Since the Libor fixing scandal hit the news there has been a great deal of political manoeuvring over the type of inquiry that should take place. On Thursday evening the Government won the day and initially at least, a parliamentary committee will conduct the inquiry.
However, the role of the FSA seems to have been missed during the political debate. Much of the discussion has centered on a culture that puts profit before everything and which led directly to various scandals, such as payment protection insurance misselling, interest rate swaps and now Libor-fixing. If such a culture exists it has developed and thrived under the eye of the FSA since 2001.
When FSMA came into being in December 2001, it was hailed by the Government as a new all-powerful statutory regulator with sweeping powers to really make its mark.
The powers granted to the FSA under FSMA are wide. There is no question in my mind that the failure of the FSA to regulate the banking sector effectively is not a case of the regulatory structure being wrong.
It is more a case of political interference (the explicit encouragement of light touch regulation in the section of the financial services industry which has done the most damage) and incompetence of the FSA itself and the management team. It had all the powers it needed to do the job properly, it just singularly failed to do so.
The FSA has a web page on its thematic work which “involves analysing a particular product, market or practice to see if there are widescale issues that we need to act on”.

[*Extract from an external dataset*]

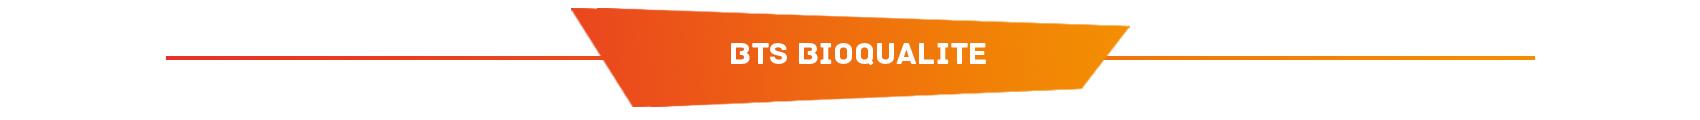 BTS Bioqualité (ex QIABI)
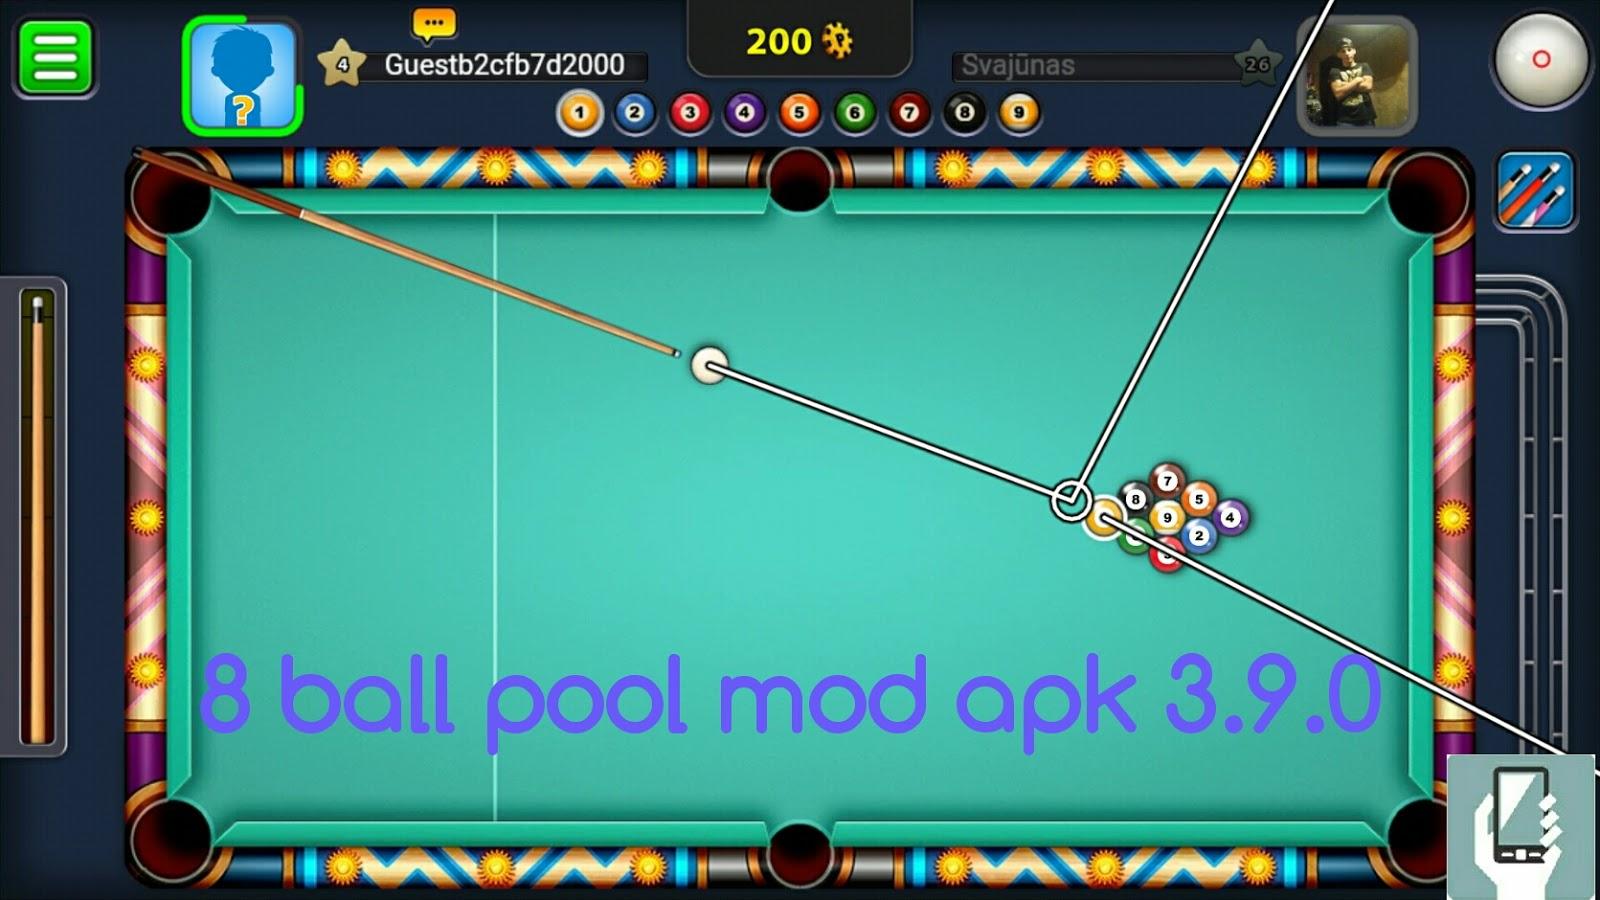 8 ball pool 390 mod apk techno junction 8 ball pool 390 mod apk stopboris Gallery

The FSA should have been doing thematic work on the banking sector to nip any corrosive culture in the bud. Instead, if you look at the thematic work it has done it includes insurance comparison websites, work on financial promotions and investments for children.
It smacks of the FSA doing the easy things rather than tackling the big jobs.
So where does this leave us? We may have a new regulatory structure on the horizon but most of the staff will simply transfer over from the FSA and I do not consider there was that much wrong with the structure anyway.
This is really quite worrying – we could be sleepwalking into another decade or more of regulatory failure.
Also, shouldn’t the inquiry that is to take place include as one of its main terms of reference the role and failure of the FSA in dealing with any corrosive banking culture.
It is time that the FSA was put under the spotlight and made to face up to its own dismal failings. In doing so, maybe there is a chance that things may change for the better. Otherwise, we will be back here again before we know it.